Inventory of refined oil products was seen at a high level in February at Sinopec, Ling said, but it is expected to fall back to a normal level by end-March.
The company, which will trim 2020 capital expenditure by 2.5%, was making a detailed plan to reduce capex and would report this in April during first-quarter earnings, said Zhang Yuqing, chairman of Sinopec.
Zhang expects that oil prices will fluctuate around USD42 per barrel, and the low price scenario might remain for a longer-than-expected period.
He added that coal-to-liquids (CTL) and coal chemical projects will not have any competitiveness when oil prices fall below USD35 per barrel.
Sinopec, which has three coal-chemical projects, will strive to lower costs this year and work on future planning, Zhang said.

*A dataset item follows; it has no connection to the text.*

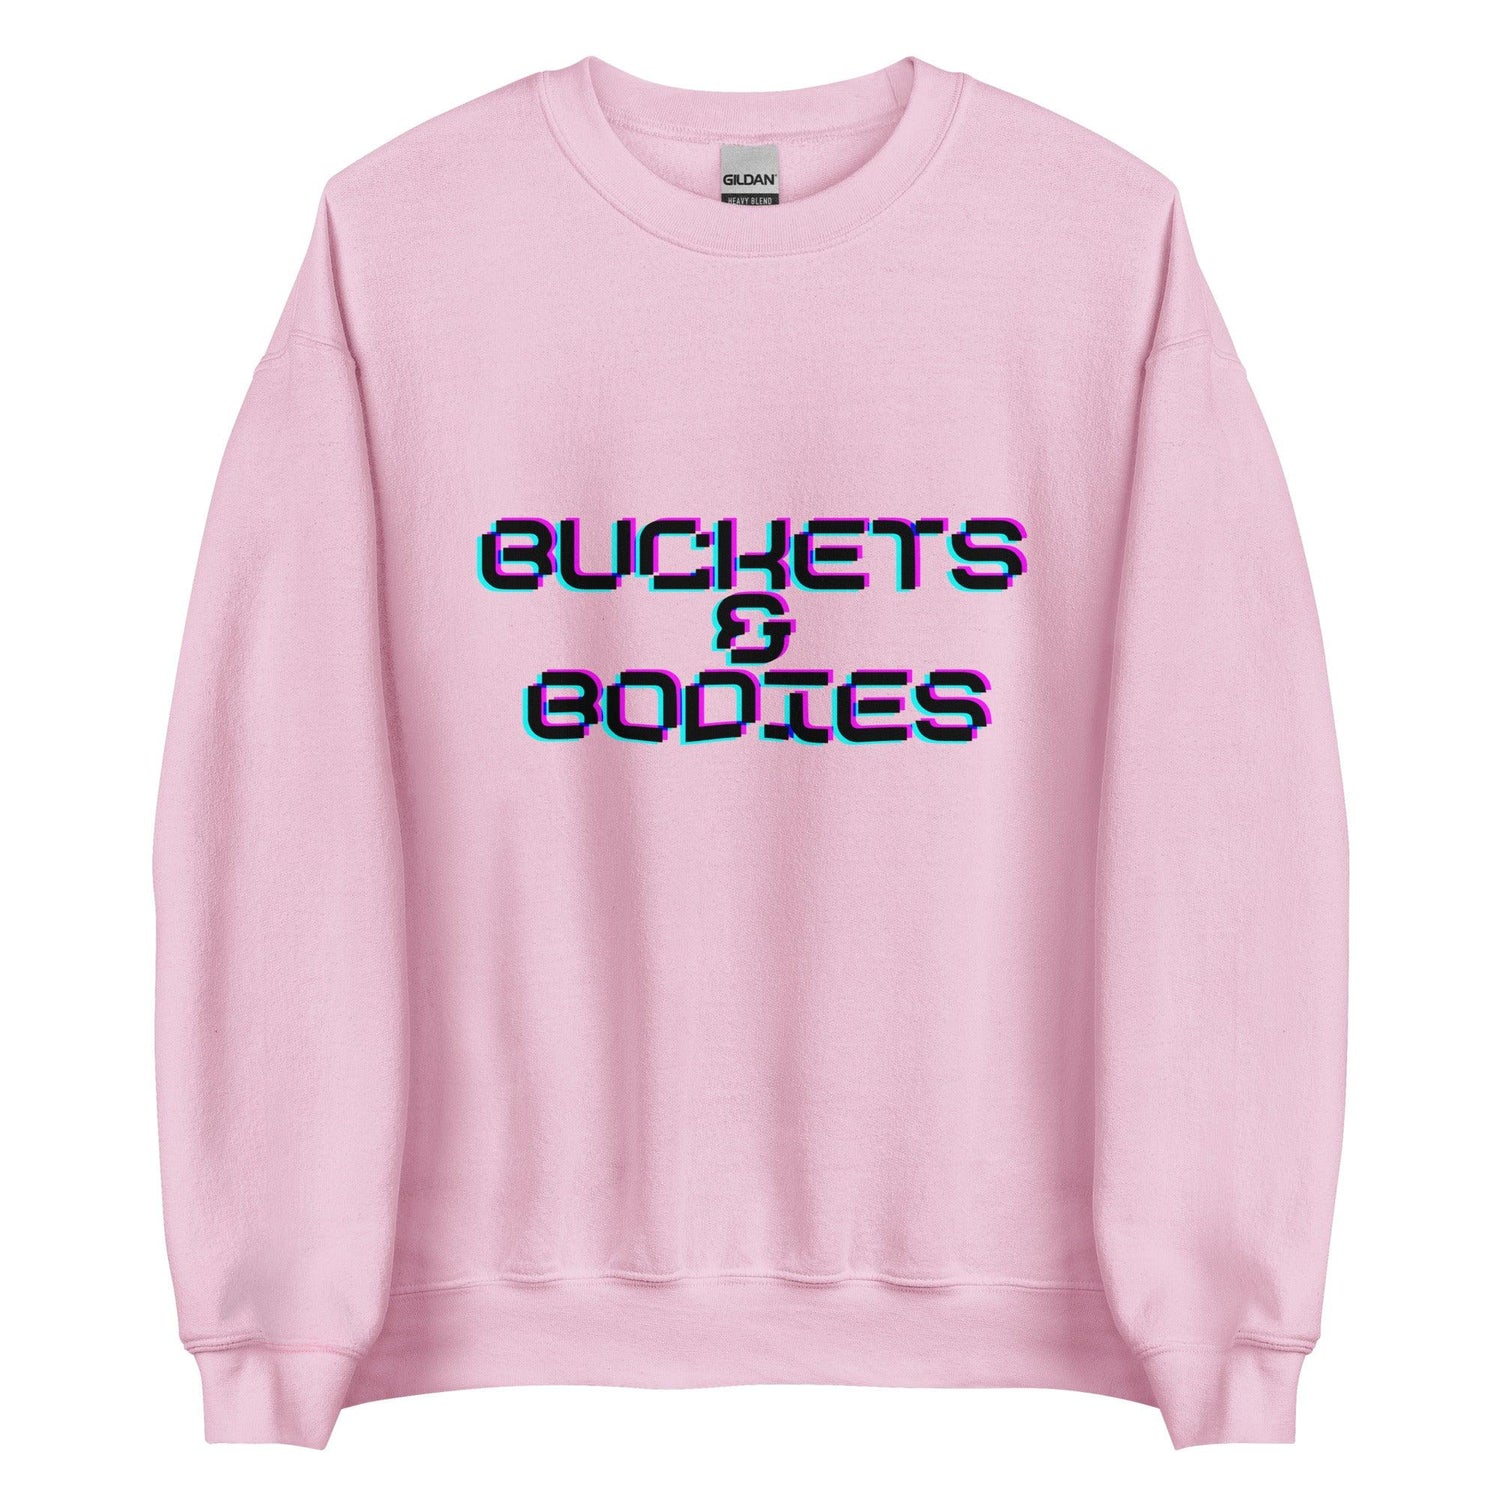 Angelo Sharpless "Buckets & Bodies" Sweatshirt - Fan Arch

Asia’s largest oil refiner also warned about lower petrochemical output in the coming months as it expects a notable decline in global consumption in the next one to two months.
Sinopec, which had lowered operation rates by 10% at its petrochemical plants in February, has resumed operations to nearly 100%, but it still sees a high level of inventory of petrochemical products, Yu Baocai, also said a vice president at Sinopec.
We remind that, as MRC wrote before, Sinopec Qilu Petrochemical, a subsidiary of Sinopec Corporation, plans to shut the cracker unit in Tianjin in northeast China for scheduled repairs on 15 June, 2020. This cracking unit with a capacity of 900,000 tonnes of ethylene per year and 480,000 tonnes of propylene tons per year will be closed for scheduled repairs until 24 June, 2020.
Ethylene and propylene are feedstocks for producing polyethylene (PE) and polypropylene (PP).
According to MRC's ScanPlast report, estimated PE consumption totalled 383,760 tonnes in the first two month of 2020, up by 14% year on year. High density polyethylene (HDPE) and linear low density polyethylene (LLDPE) shipments increased due to the increased capacity utilisation at ZapSibNeftekhim. At the same time, PP shipments to the Russian market were 192,760 tonnes in January-February 2020, down by 6% year on year. Homopolymer PP accounted for the main decrease in imports.
Sinopec corp. is one of the world's largest integrated energy and chemical companies. Business Sinopec Corp. includes oil and gas exploration, production and transportation of oil and gas, oil refining, petrochemical production, production of mineral fertilizers and other chemical products. In terms of refining capacity, Sinopec Corp. ranks second in the world, in terms of ethylene capacity - fourth.